Continuing with the global warming example, let's say that science says that coastal cities will likely be flooded, hurting poor people (who can't get up and move inland easily) the most. If two different people hear that, and they both agree that hurting poor people is bad, then presumably both will be convinced that global warming is bad (or that it has at least one bad effect). But what if they don't agree that hurting poor people is bad? To a poor person, it seems fairly obvious and self-evident that hurting poor people is bad. But to a rich person, it's much less straightforward. If all of your friends and family are rich, and the only time you ever encounter poor people is when they are bugging you for change on the way to work, you might feel differently. Especially if the poorest people live in another country entirely, you might not care at all. And despite what people may say to the contrary, I strongly suspect this is the case for many residents of rich countries. Fundamentally, they don't care about some starving person in Africa, or some poor person living in a coastal city they'll never visit, because it's not going to affect their life or anything they will ever experience or have to deal with or worry about. It's not going to affect their family, their kids, their neighbors. They just won't see any bad effects from it at all. (Ok, for global warming, perhaps they will see some bad effects, but I think you see my point... it's far less of a concern for them than if it directly affected them.)

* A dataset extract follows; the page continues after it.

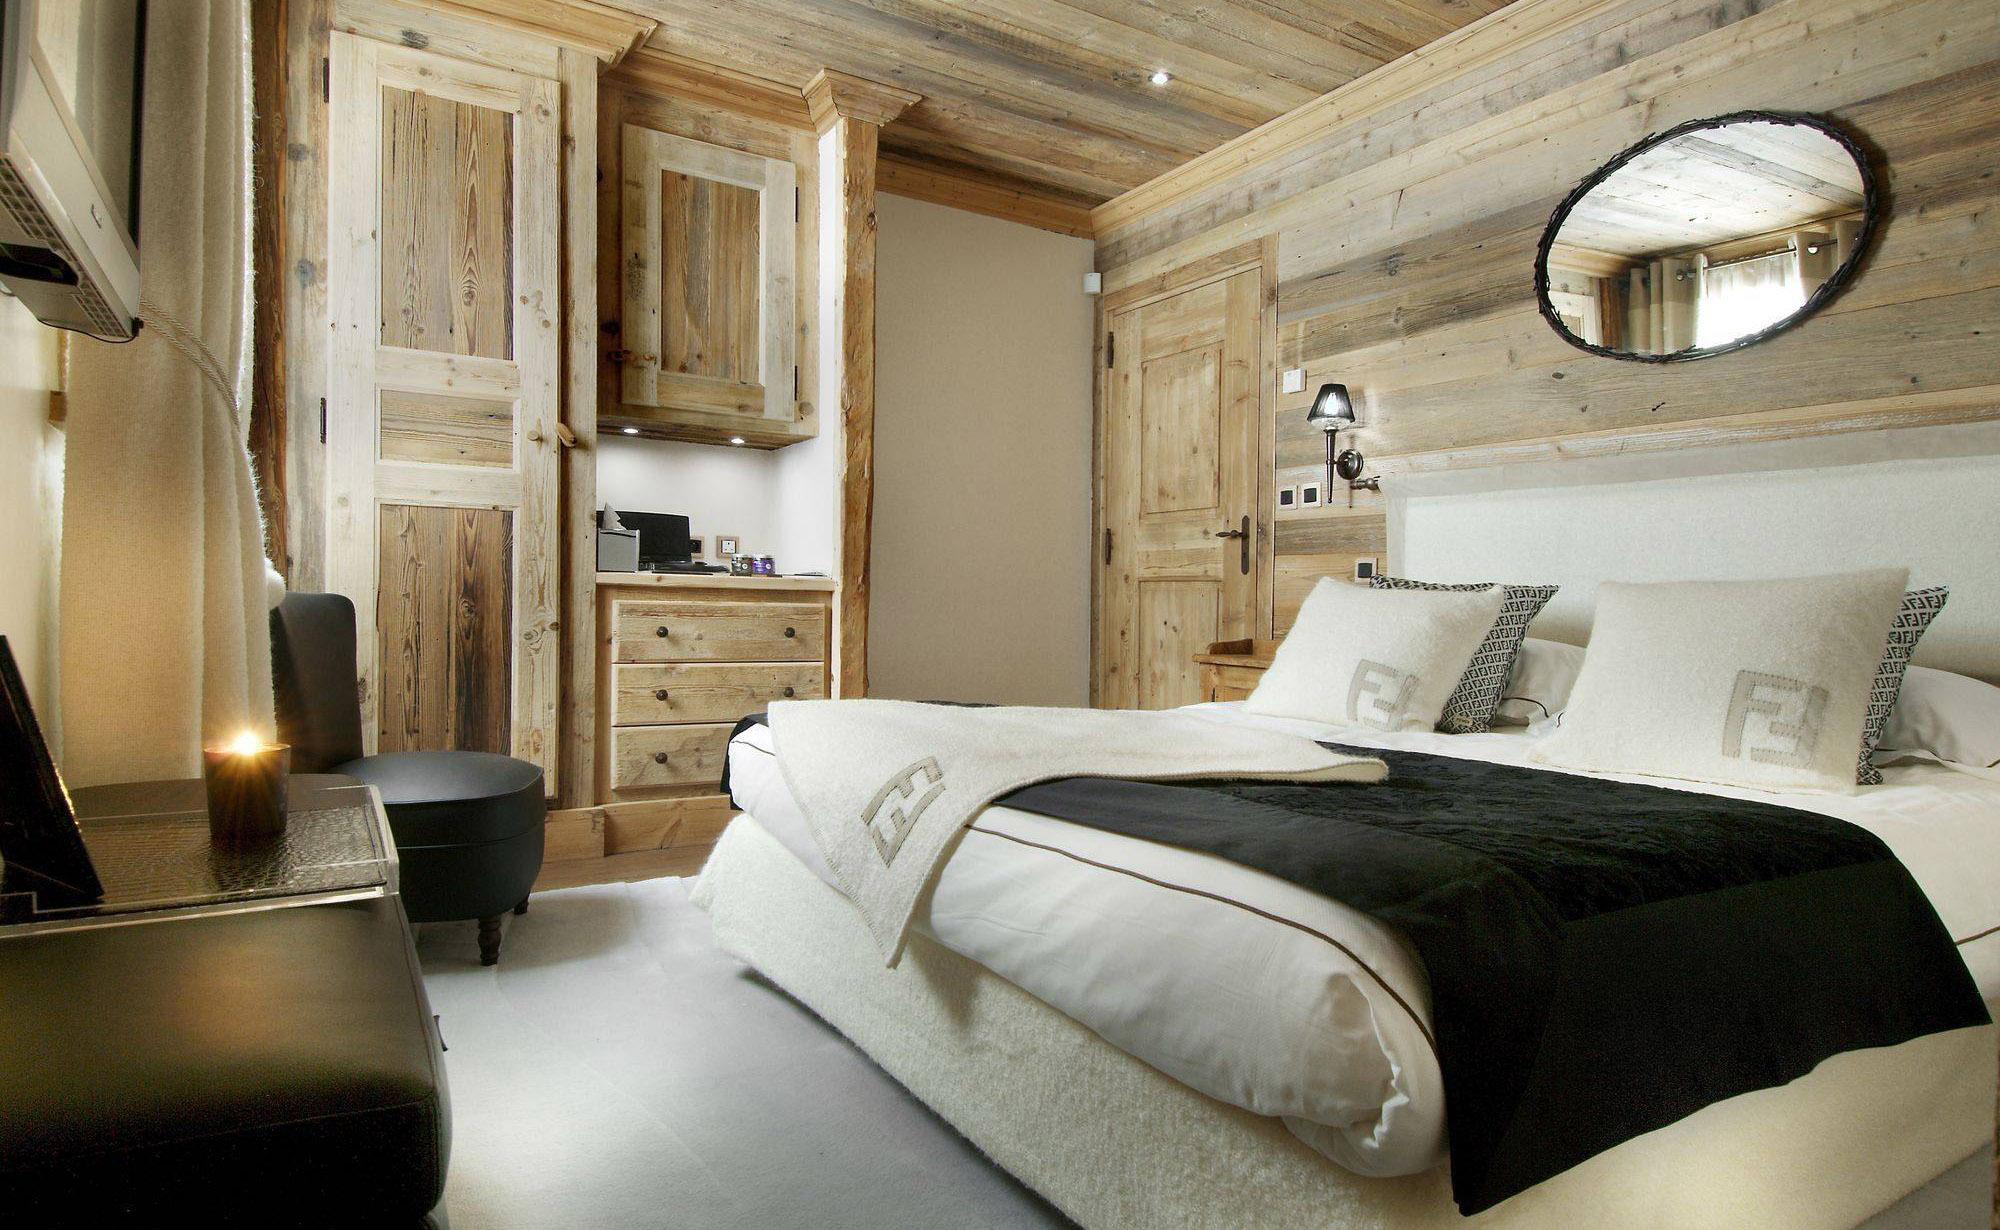 Lovelydays luxury service apartment rental - Courchevel - Great Roc Chalet - Partner - 7 bedrooms - 6 bathrooms - King bed - 117d51728700 - Lovelydays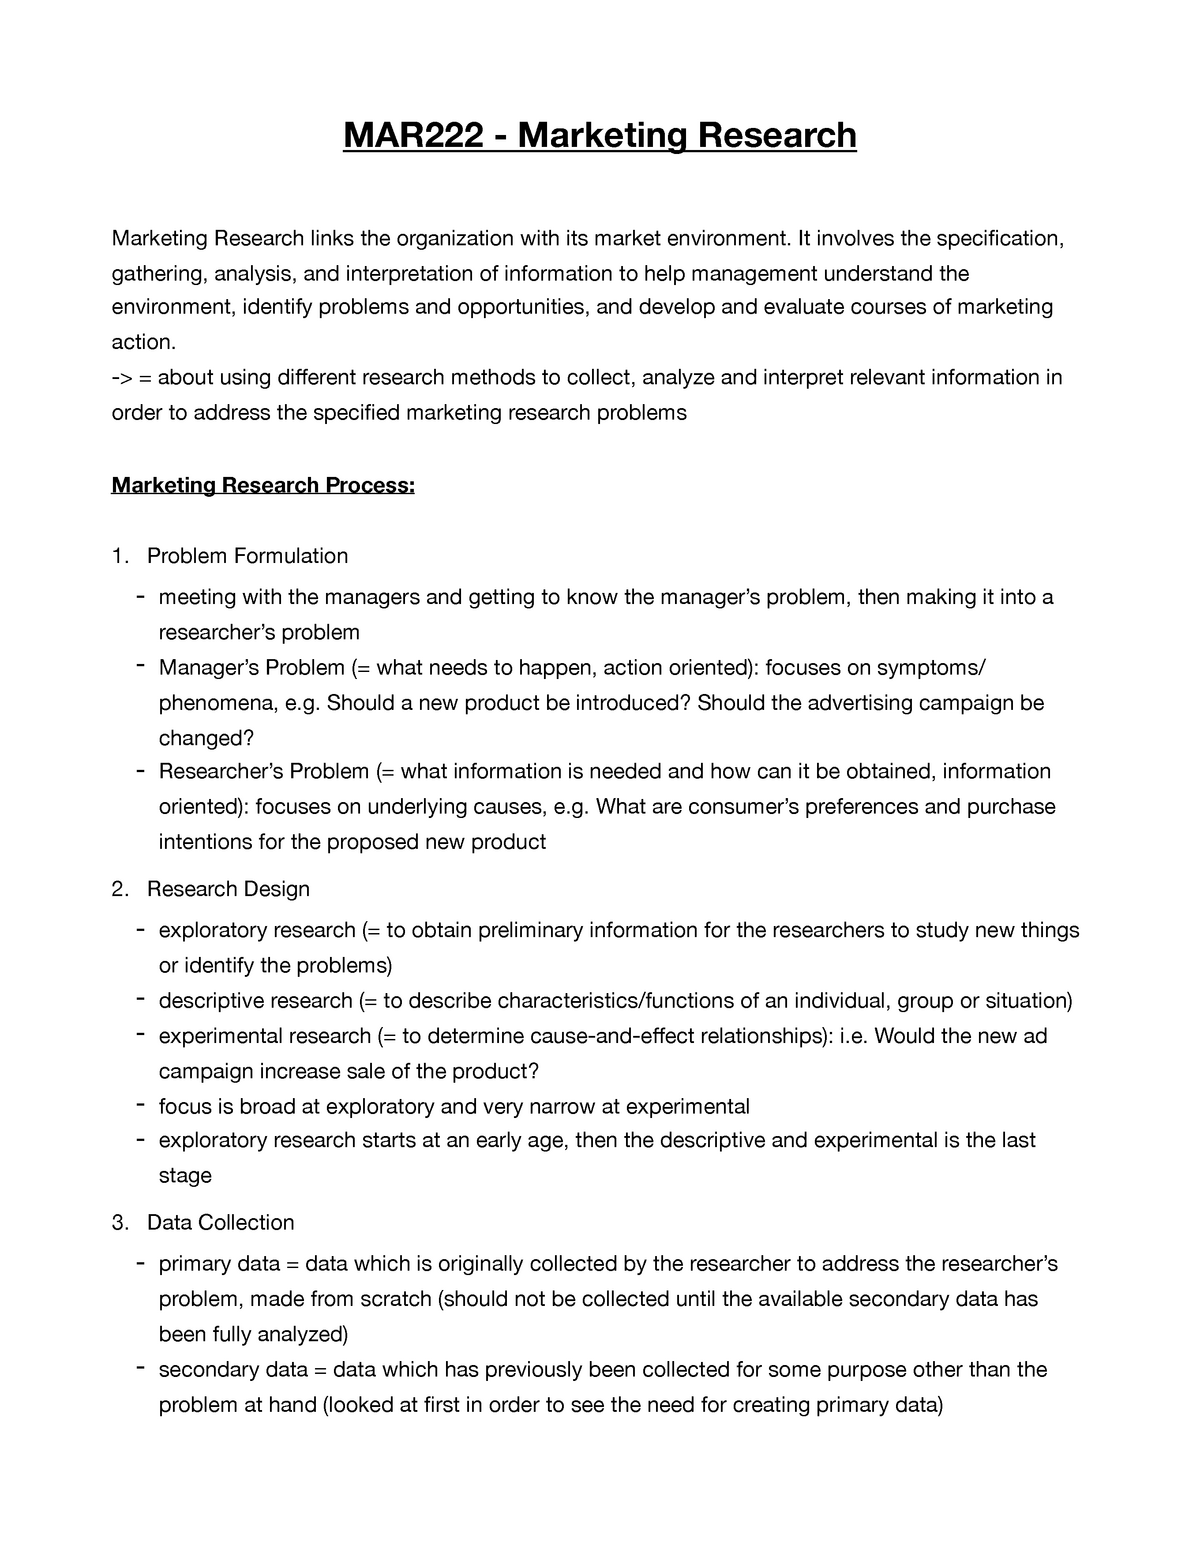 Marketing Research Notes Mar 222 Studocu

The hardest part of ethics is figuring out how to balance the interests of one person against the interests of another. And there have been all different kinds of proposed solutions in philosophy for how to deal with this. But the real fact of the matter is, people have different interests. When it comes to ethics, I think a lot of people like Harris like to pretend that all of our interests are the same, and that everyone in the "human family" all wants the same outcomes, and all cares about exactly the same things. But this seems trivially false--we don't care about the same things, we all care about different things. Yes, many of us care about other humans, and even in some cases other animals. But we all care by different amounts, it's highly dependent on things like what culture you were raised in, who your friends are, etc. I think the fundamental error that moral objectivists make is in assuming that we all care about the same thing. And every moral objectivist you ask will give you a slightly different thing that we supposedly all care about, whether it be survival of the species, a maximization of freedom, a maximization of happiness, self interest, altruism, honesty, virtue, loyalty, patriotism, dignity, sanctity, respect, fairness, justice, tolerance, etc. And it's probably true that most if not all people care about all of these things to some extent, but the issue is we all care by different amounts. Some people will care mostly about freedom while others will care mostly about happiness. Some will care so much about honesty that they put it above all the rest, some might do the same for loyalty or altruism. But I think it's fine for us to just admit that we disagree and try to get along. There's no need to pretend that we all care about the same things by exactly the same amounts in exactly the same proportions, because it's simply not true.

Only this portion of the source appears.